I have even tried and recompiled the code with debug messages and run the smbd in debugger, but I didn't get anything out of it. The problem does not seem to be some error, but rather a wait in a response which makes the client to timeout and call it an Input/Output error, while the server actually does what is supposed to do correctly, just somehow fails to inform the client in timely manner. The problem of running in debugger is that the client just timeouts very fast and its not the same. I think it actually gets all the way to the select on the socket file descriptor in the process.c (the main loop) and then waits and when the client timeouts it gets a next message from it and that makes it go again. It somehow looks like the client does not get a response or gets a wrong type of response.
The error is more serious than I have previously thought. It affects CHMOD as well. And thanks to this it affects a mkdir command. Since mkdir does a mkdir call, then a chmod call. The only reason why mkdir does not fail is that after timeout it does a stat call, which goes through fine and so it suceeds, but with the timeout delay. (Which makes mkdir terribly slow.)
If this problem doesn't occur without your vfs, but does occur with it, then it's most likely a bug in your vfs. Without real debugging info there's not much I can do to help here. Jeremy.
I have some more details. I have tried to mount a normal non-VFS share and try the chmod. It looks like the problem is there too. It will timeout and give me Input/Output error. The test case is very easy, just create a share for one of your directories on linux, mount it with mount -t smbfs ... and then try to do chmod through samba. It will timeout and fail.
The symlink problem is there too on non-VFS share. Its the same thing. I seriously think its some problem in the call_trans2setfilepathinfo function that handles both calls. Alternatively there could be a bug in the receiving end in the smb client.
Can you send me the ethereal capture trace. It's almost certainly an smbfs client bug - it's not very well maintained whereas that part of the Samba server code is very well tested. Can you get smbclient to generate the same commands ? If so you will easily be able to confirm if it's a smbfs or smbd bug.

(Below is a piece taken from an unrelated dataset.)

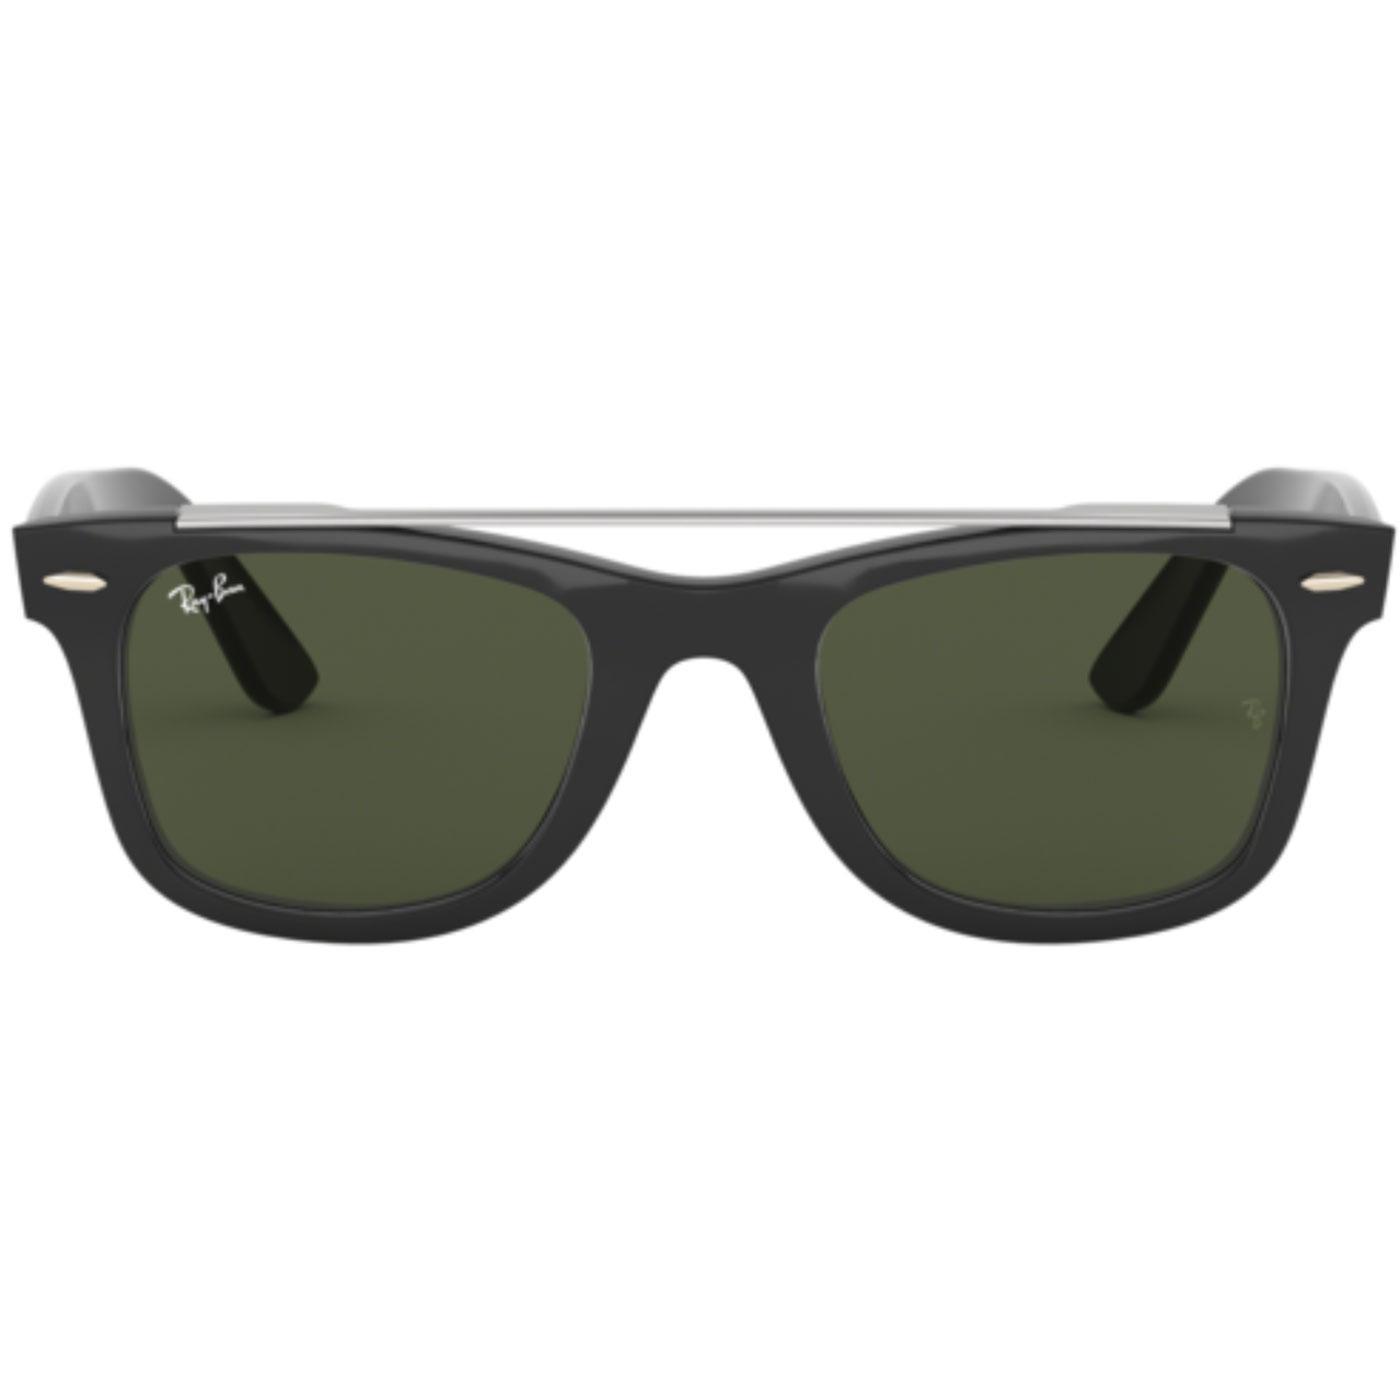 RAY-BAN Retro 70s Brow Bar Wayfarer Sunglasses

The other thing you can do is test with the new cifsfs linux client to see if you can reproduce there. Jeremy.
Ok, so there is one more information bit, I have tried to connect from my other linux box with libsmbclient version 3.0.10 and everything went fine against the same 3.0.14a server. Including the VFS shares and non-VFS shares. What more, I have also tried the 3.0.14a client against an unmodified 3.0.10 server and it failed in the same way. (timeout, I/O error) So its definitely a newly introduced bug between 3.0.10 and 3.0.14a in the client handling of the reply from a TRANSACT2_SETFILEINFO / TRANSACT2_SETPATHINFO call. If you look in the diffs for the libsmb/ between 3.0.10 and 3.0.14a you will surely find some new change that can cause this.
As I have already asked - can you reproduce this with smbclient ? Not libsmbclient. Can you send me an ethereal capture trace please. Or am I confused and you're now telling me this is a bug in libsmbclient, not in the smbd server ? If so I'll assign it to Darrel, who is the libsmbclient maintainer. Jeremy.
(In reply to comment #9) > As I have already asked - can you reproduce this with smbclient ? Not > libsmbclient. Can you send me an ethereal capture trace please. Or am I confused > and you're now telling me this is a bug in libsmbclient, not in the smbd server ? > If so I'll assign it to Darrel, who is the libsmbclient maintainer. > Jeremy. > Yes, its very likely a bug in the client. When I tried to connect with the client to a different server, there was still this problem. But when I try to connect with 3.0.10-1-fc2 to this server, everything works. The interesting part is that if I try to downgrade debian packages to 3.0.10-1, its still broken. I tried to downgrade both smbfs and libsmbclient and it didn't help. So this is strange. It looks like the client is at fault though. Also, I cannot reproduce this with smbclient code, I can only reproduce it when I mount the volume using mount -t smbfs.
BTW I do not ignore the request for the ethereal output, but I don't have it installed yet and I don't know how to use it, so give me time to learn :)